Performance Optimization and Production Considerations

A naive implementation will be slow and memory-hungry. These optimizations make the pipeline viable for real knowledge bases with thousands of documents.

Batch Embedding Throughput

Process images in batches of 32 and text in batches of 128 using PyTorch’s DataLoader with num_workers=4. On an RTX 5080, expect roughly 200 images/second and 500 text chunks/second. Even on an RTX 5070, you should see 150+ images/second, which means a knowledge base with 10,000 images gets fully indexed in about a minute.

VRAM Management

VRAM is the main constraint on consumer hardware. Load CLIP in float16 with model.half() to cut usage from 6 GB to 3 GB. Between the embedding phase and the generation phase, offload models explicitly:

model.to("cpu")
torch.cuda.empty_cache()
# Now load the generation model

This lets you run both the CLIP encoder and a 17B generation model on a single 12 GB GPU, just not at the same time.

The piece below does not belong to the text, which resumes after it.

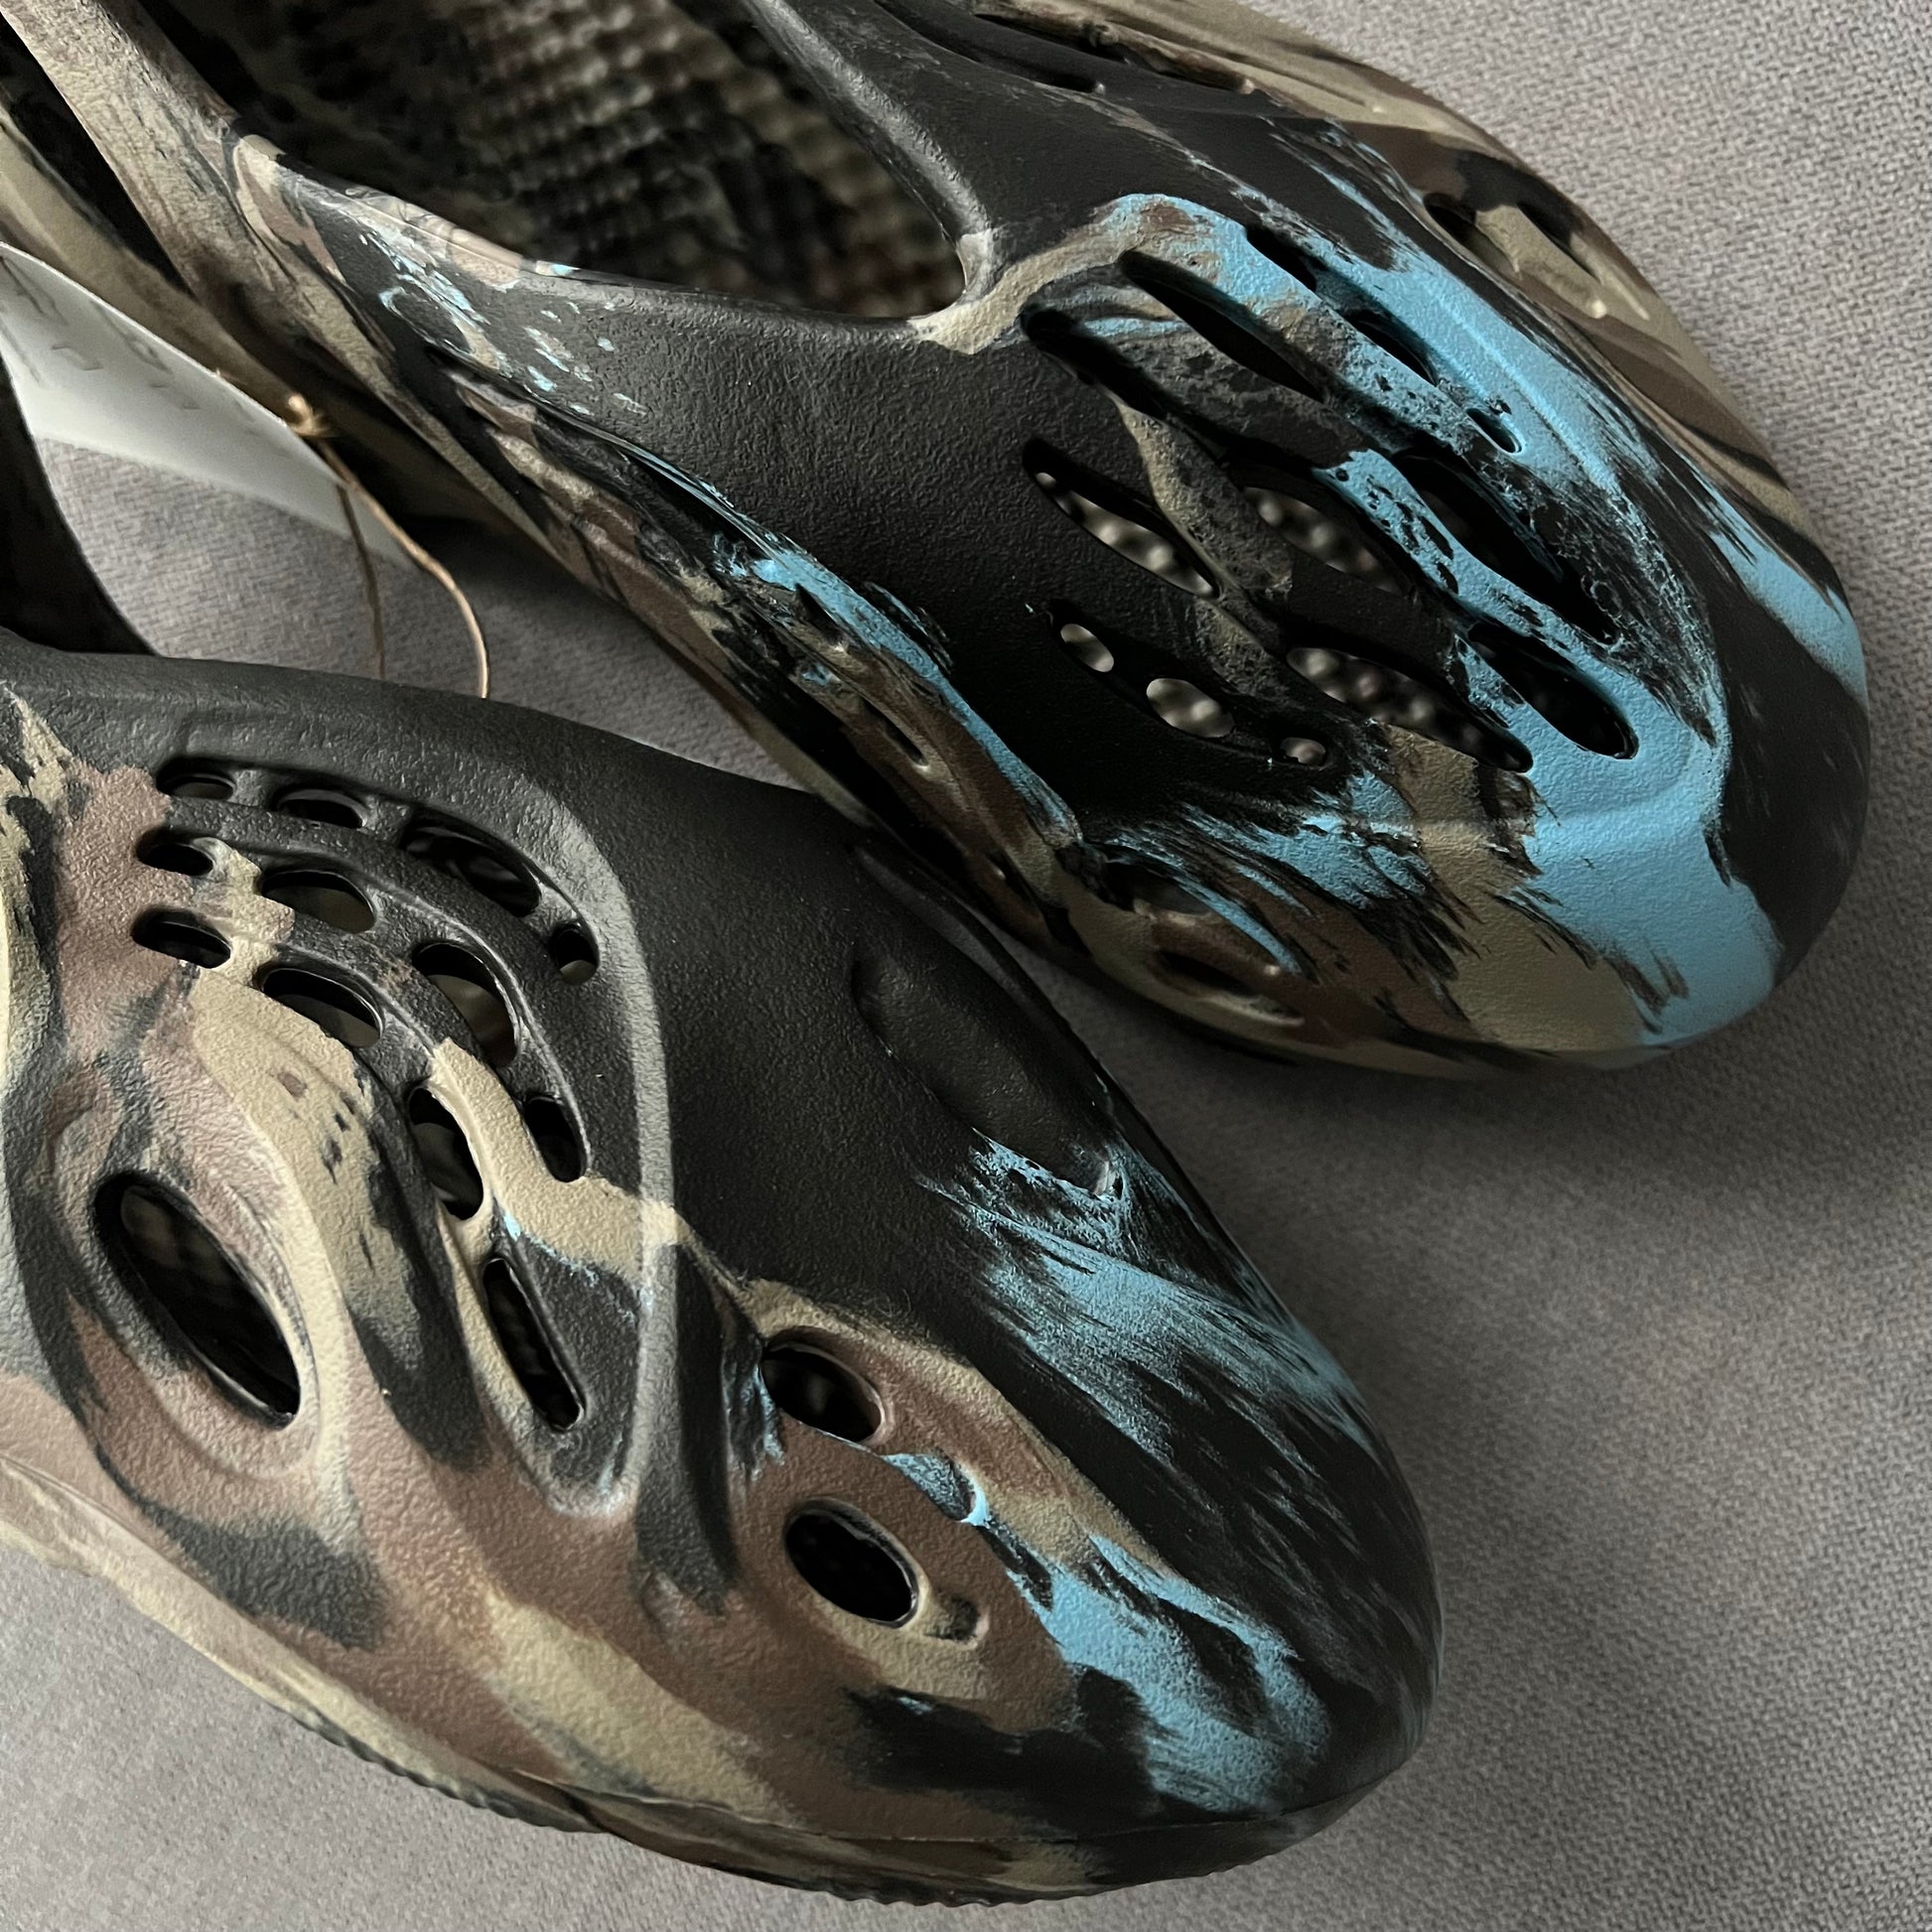 adidas YEEZY Foam Runner MX Carbon First Look

Index Persistence and Incremental Updates

Use ChromaDB’s persistent client (chromadb.PersistentClient(path="./vector_store")) or Qdrant with on-disk storage so you do not re-embed your entire corpus on every startup. Track file modification times and only re-embed changed documents. Use content hashing (SHA-256 of file bytes) as dedup keys in the vector store to avoid duplicate entries when files move or get renamed.

import hashlib

def file_hash(path: str) -> str:
    with open(path, "rb") as f:
        return hashlib.sha256(f.read()).hexdigest()

Query Latency

The full pipeline latency breaks down like this:

StageTime
Query embedding (CLIP text encoder)~10 ms
Vector search (100K documents, HNSW)~5 ms
LLM generation2-5 seconds
TotalUnder 6 seconds

LLM generation dominates total latency. Vector search and embedding are negligible in comparison.

Scaling Beyond 1M Vectors

Qdrant web dashboard showing collection management with vector counts, dimension info, and REST API console
The Qdrant web UI for managing vector collections — useful for inspecting embeddings and testing queries
Image: Qdrant

For collections exceeding 1 million vectors, ChromaDB starts to show strain. Switch to Qdrant with quantized vectors (binary or scalar quantization) to keep memory usage under 4 GB while maintaining over 95% recall. Qdrant’s built-in quantization support makes this a configuration change rather than an architecture rewrite:

from qdrant_client import QdrantClient
from qdrant_client.models import VectorParams, Distance, \
    ScalarQuantizationConfig, ScalarType

client = QdrantClient(path="./qdrant_store")
client.create_collection(
    collection_name="multimodal_docs",
    vectors_config=VectorParams(
        size=1024, distance=Distance.COSINE
    ),
    quantization_config=ScalarQuantizationConfig(
        type=ScalarType.INT8,
        always_ram=True
    ),
)

What to Do Next

The pipeline described here works on a single machine with a decent GPU. OpenCLIP handles the unified embeddings, ChromaDB or Qdrant stores the vectors, and a vision-capable LLM generates answers from mixed text-and-image context. Start with the CLIP-only embedding approach (option 1) and a smaller knowledge base to validate the architecture, then scale up the corpus and optimize as your usage patterns become clear. The largest improvement comes from indexing visual content that text-only pipelines skip over entirely - once that content is searchable, retrieval quality jumps noticeably across any mixed-media corpus.